The cabinet will vote next week on budget proposals which will see the average household asked to pay an extra £59.47 a year.

As it plans for 2017/18, the council will have in mind that it is set to finish 2016/17 having overspent by £6.5m – the cost of providing care for vulnerable adults in the community made up £4.6m of that figure.

Council leader David Renard said the introduction of the national living wage had caused an increase in the cost of care of around £1.6m just this year, while inflation across the sector was running at four to five per cent.

“People are living longer, both the elderly and those with disabilities,” he said.

“Forecasting and predicting in this area is really difficult and all authorities wrestle with it.

“Successive governments have ducked the issue. There does need to be a national solution, local tax payers can’t keep picking up an ever-increasing share of the cost.”

A new adult social care support grant was recently announced by the Government in response to the crisis.

However the money was taken from the New Homes Bonus, a scheme Swindon had previously benefitted from, resulting in a loss of £855,000 across the board.

Last month it was revealed that after accounting for nearly all the funding required for the coming year, increases in care costs left the council facing a short notice hole in its plans of some £4.2m.

The finance team has managed to plug that hole, but only at the cost of between 80 and 90 council jobs.

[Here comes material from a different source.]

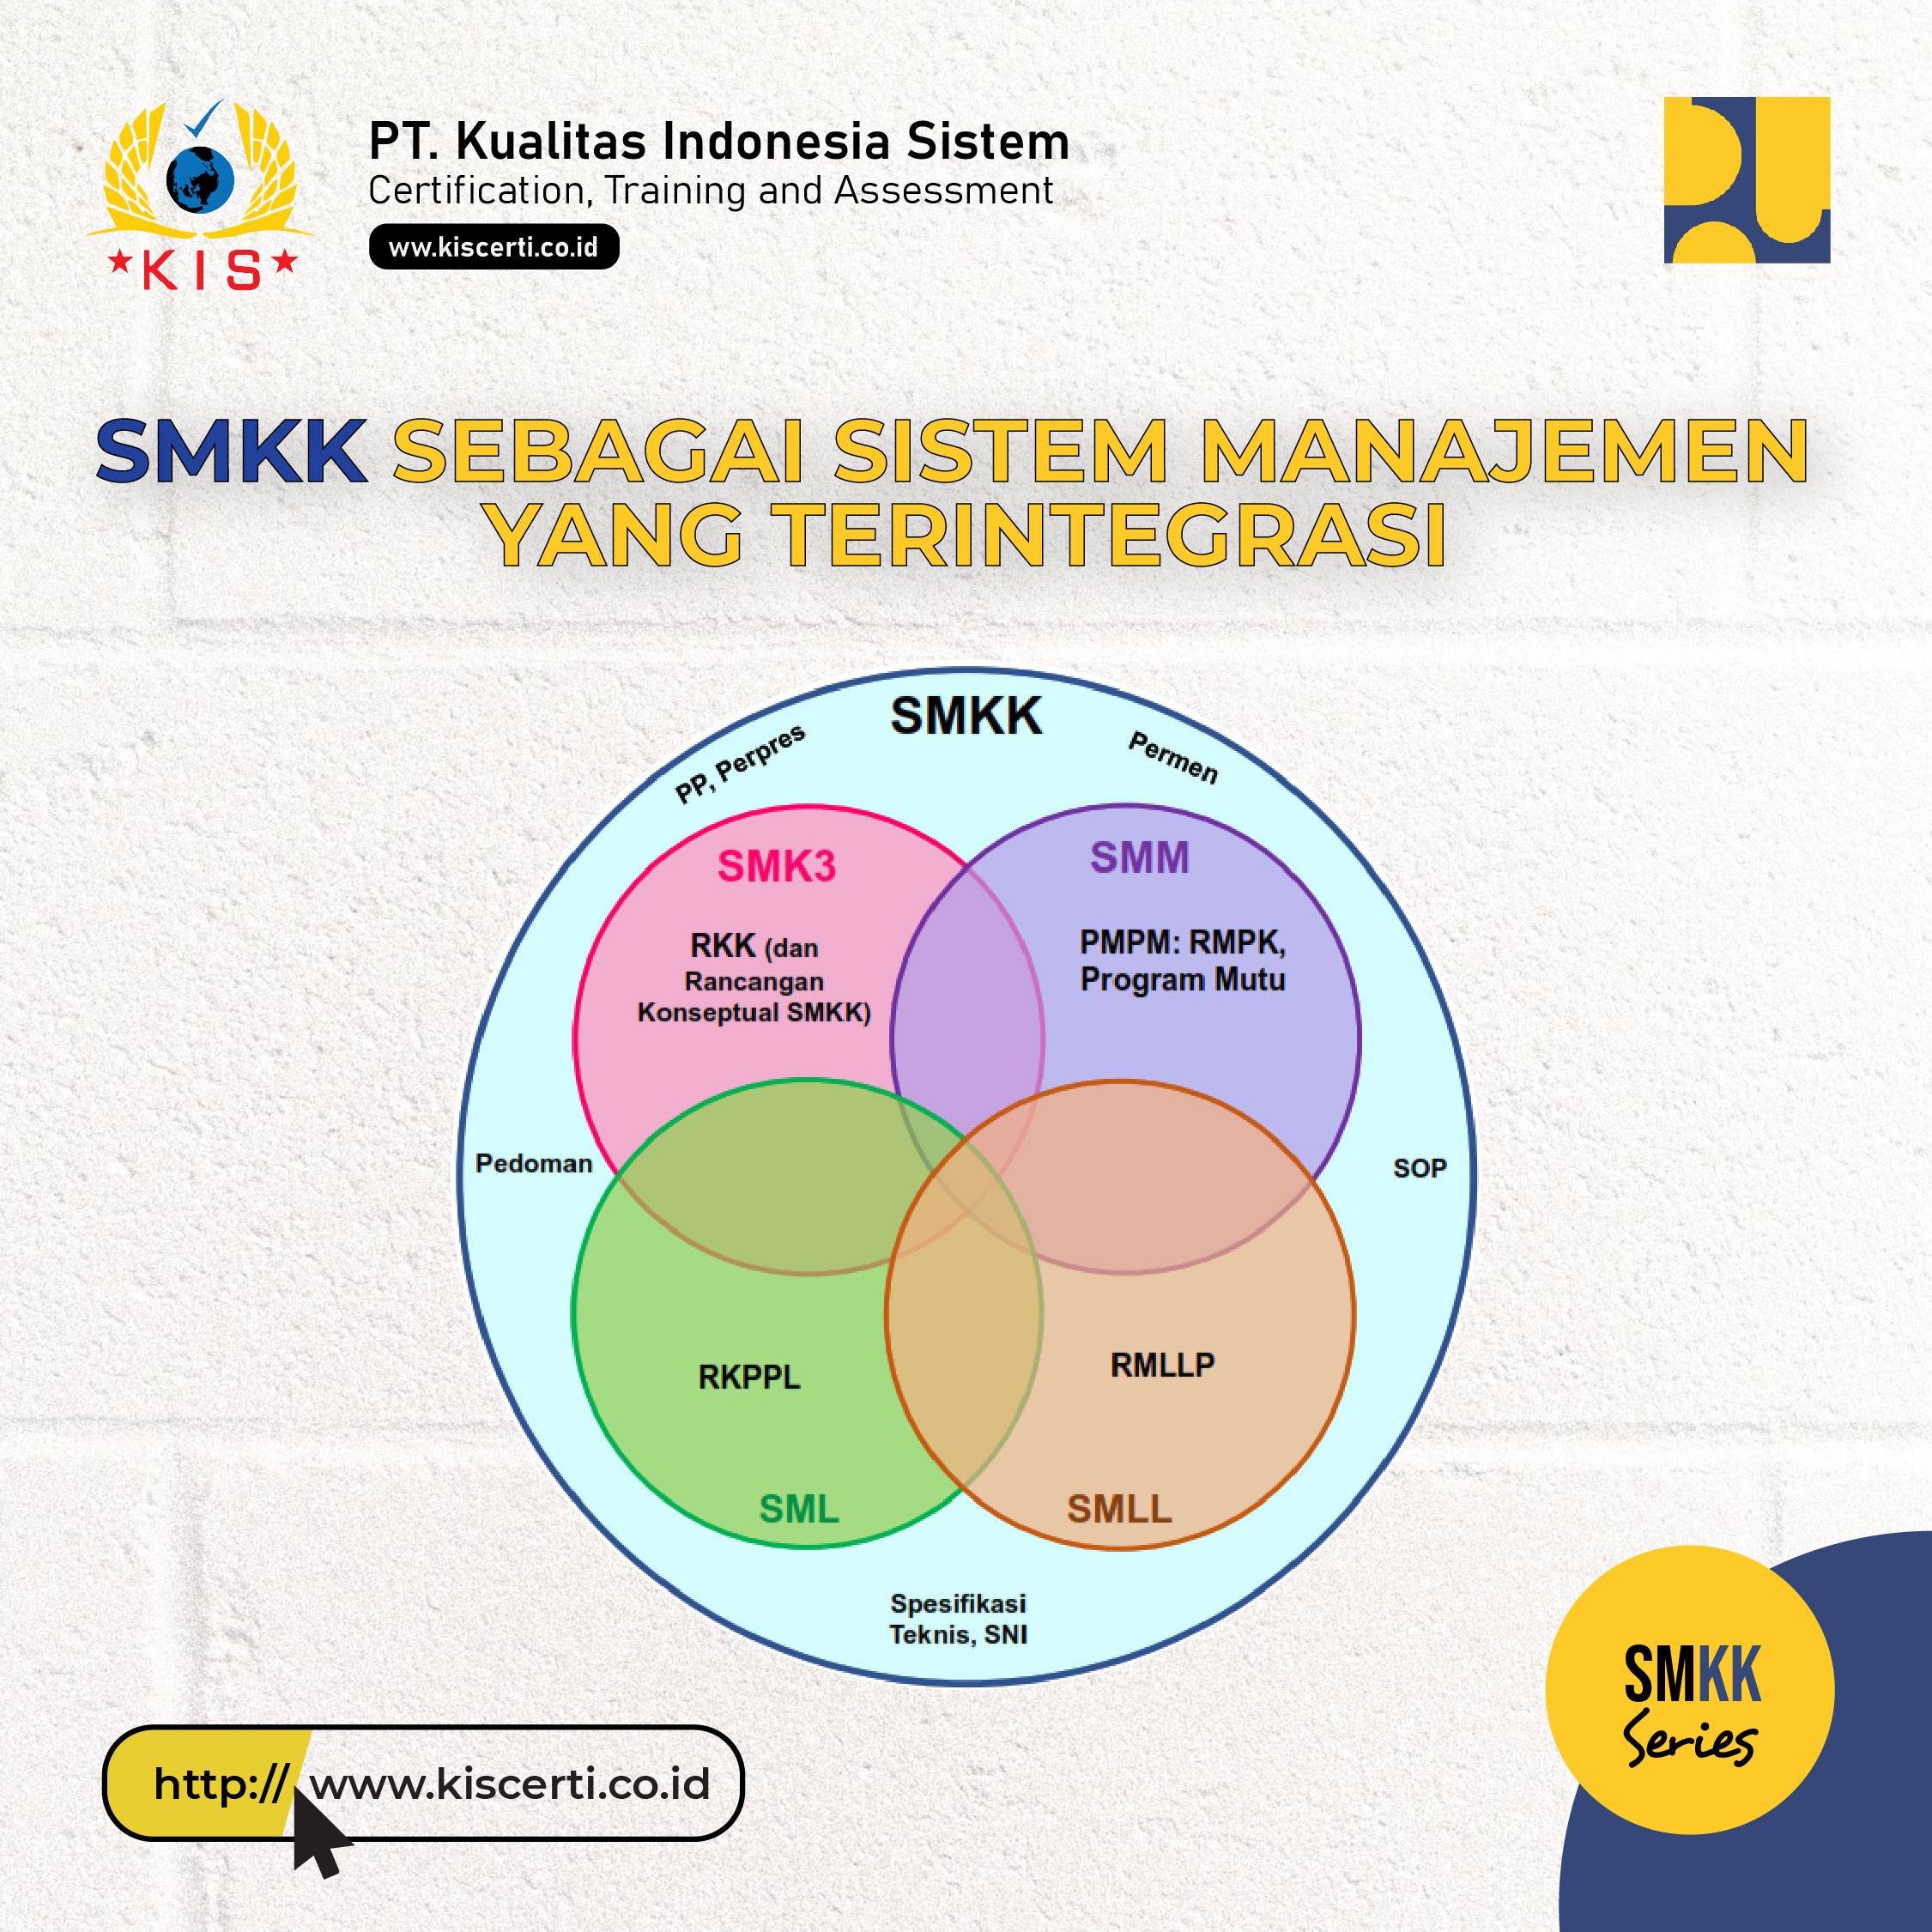 SMKK Sebagai Sistem Manajemen Yang Terintegrasi

The staffing cuts are expected achieve savings of £1.5m, the hope is that compulsory redundancies can be avoided wherever possible.

The coming financial year is likely to be just as challenging as the last — the Government expects councils to be almost entirely self sufficient by 2020 and local authorities are having to make huge savings to achieve that.

Coun Russell Holland, the cabinet member for finance, said: “Over the next three years we’re still going to have to find savings and fundamentally change the way the council operates.

“You can get discouraged by that, or you can accept the reality and do the best you can with it. We’re seeking to stay up beat and ambitious even in these difficult times.”

Coun Holland pointed to the council’s new commercial investment strategy, which has recently seen the acquisition of land at the Delta business park, as a positive moving forward.

Responding to the budget report, Labour’s leader in Swindon said the council must share the blame with the those in Westminster.

“Central government has almost abandoned local authorities on the question of funding,” said Coun Jim Grant.

“But this doesn’t excuse the council in what appears to be financial incompetence in managing to develop a gap of £4m they didn’t know was there two months ago and now having to resort to job cuts to plug that gap.

“This five per cent council tax increase, together with huge increases in parish precepts the Tories have imposed, means that most people in the town will be paying the equivalent of more than 10 per cent more.

“But still the job losses and cuts in services continue. This will hit the poor and the ‘just managing’ the hardest.

“We know now that under the Tories in this town you pay more, but get less.”